Ball: I’m new here, it may be a recent bias, but one of our big customers with 5,000-6,000 contact center agents is now about 30% biased towards virtual agents and chatbots, and it is increasing every day. We have been talking about chatbots for many years, but its deployment is often not very good.
This is a good one. AI search is another. It undoubtedly improves the experience of end customers and agents on the service portal. If you can find the correct information faster, you can solve the problem faster.
Which AI features users are talking about with ServiceNow seem likely to be on the platform?
Ball: The artificial intelligence industry has gone through many waves. First, “it will take over the world”, and then “this is a total disaster.” I once joked that what you call artificial intelligence depends on when you get your degree, because it was originally data mining. Then, data mining is not cool enough. Therefore, we have to call it predictive analysis. Predictive analytics is not cool enough, so we call it data science. Then all of a sudden, we now call it artificial intelligence.
[It works now mainly because] More data and more computing power allow us to apply technologies that have long been known to real business problems. I think people now understand that artificial intelligence will not replace humans. This is about improving specific processes. It’s about focusing the user (no matter who the user is) on the important things and getting rid of mundane tasks. Maybe it is not sexy, but it does improve the customer experience. It really improves the experience of the agent.
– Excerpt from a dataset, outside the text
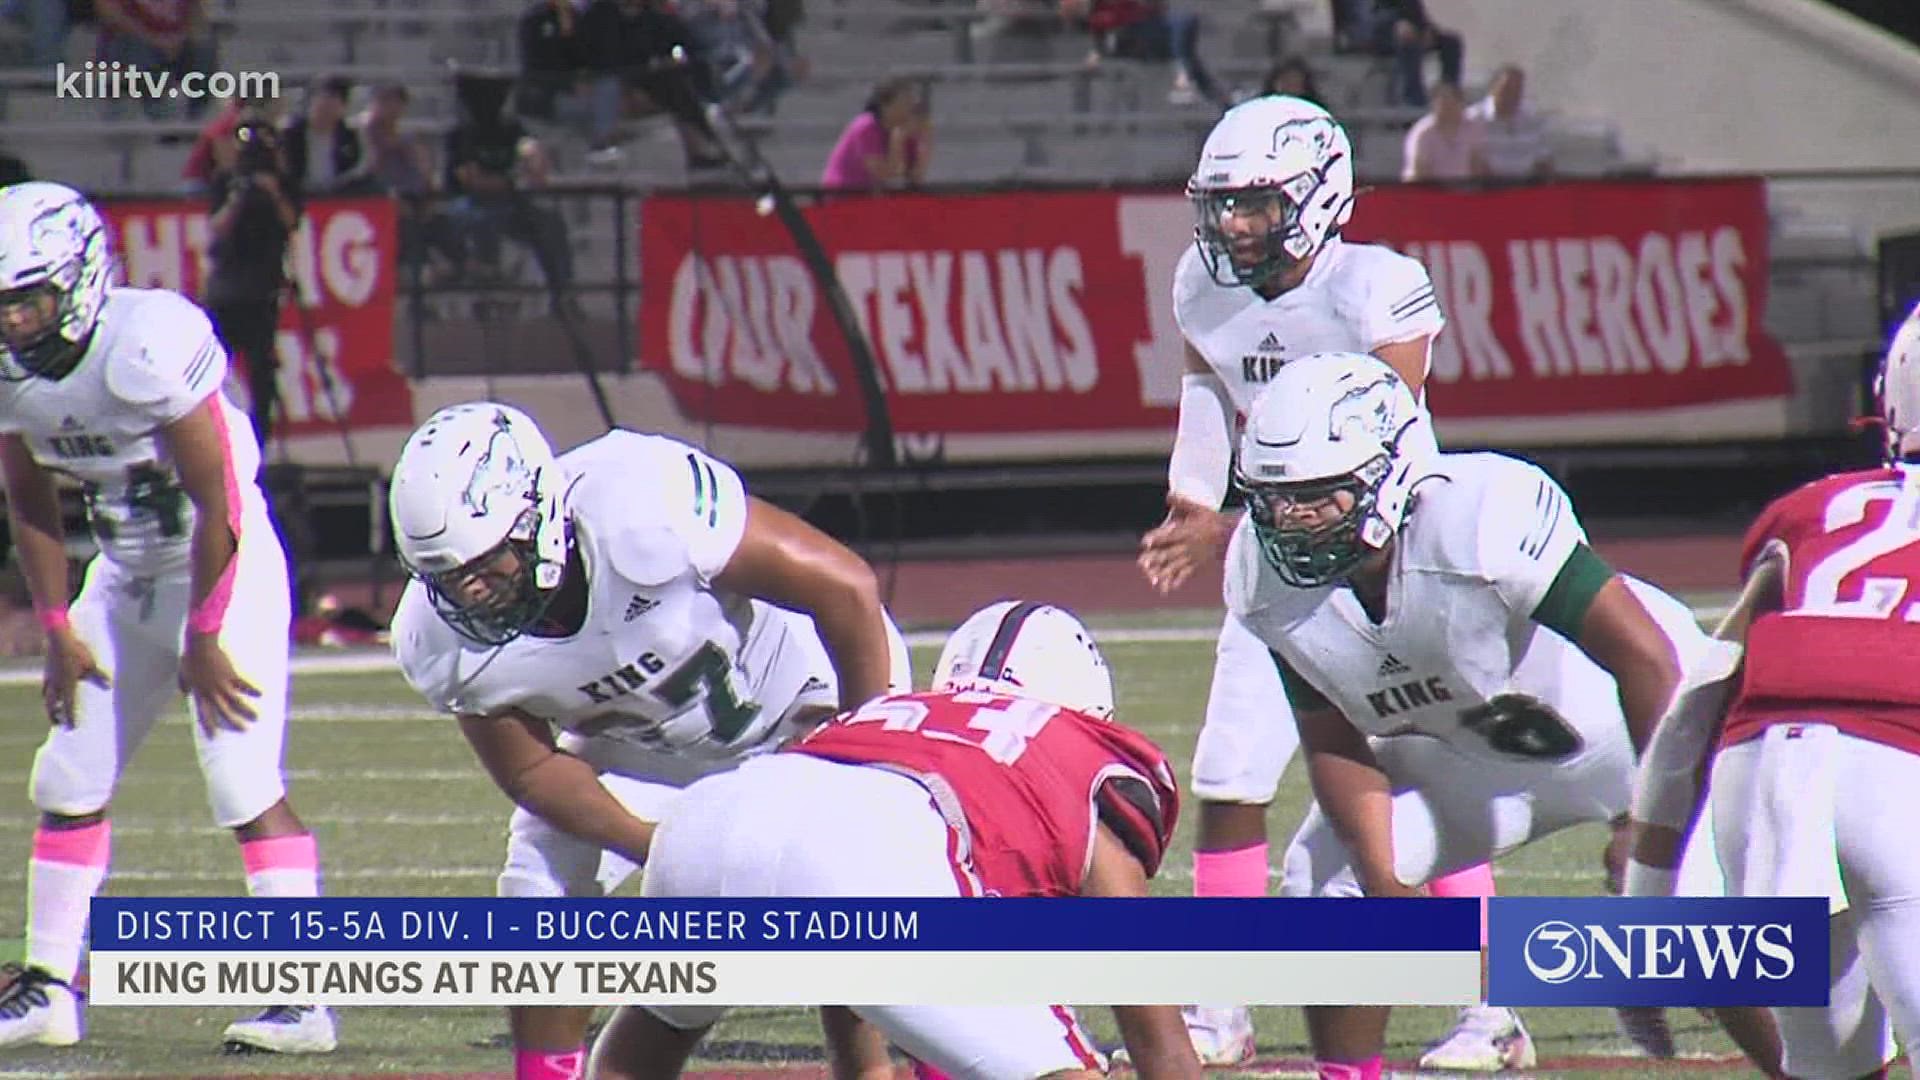 The Mustangs rolled 27-0 to top the Texans and earn their first victory in District 15-5A Div. I.

When will customer service management and field service technology merge together?
Ball: I think the market itself created these two barrels, but I see them increasingly mixed and blurred. In the final analysis, this has to do with the customer experience. Sometimes you need to send someone to the site for installation, maintenance and monitoring.
In field service management, you have different requirements: scheduling, scheduling optimization, asset and inventory management, but whether you are on site or not, everything is related to customer experience. In customer service, when you are a large-capacity B2C transaction contact center, this is different from complex case management for loan origination or health insurance claims.
So, the way I want to describe is to have a customer service and support market. It has market segments in the industry and even professional fields, such as on-site service and off-site service. I would also like to say that on-site services are more extensive than you think…-Trucks with helmets are on the road. Field service is basically a mobile worker. You now have more activities with mobile workers, third-party contractors, and you regularly schedule appointment tasks.
Amazon sets standards for customers Experience before the pandemic. How deeply ingrained are we now mainly through it?
Bauer: Think about what the pandemic has done to all of us. It accelerates this trend that has become popular a few years ago. Digital transformation is a buzzword, I admit, but it is actually true. See what the company can do when there is no other choice.
When the pandemic began, millions of customer service agents around the world went home overnight. Companies that have invested in modern digital customer service have performed well. They had to adapt, but they did a good job. Those who have not been screwed up-they have suffered major damage. Now they have millions of agents working from home and using modern digital customer service. That is something that will last for a while. Due to the pandemic, direct-to-consumer behavior has been magnified on a large scale, and all expectations have changed. Everyone is looking forward to this now.
Editor’s note: For clarity and conciseness, this question and answer has been edited.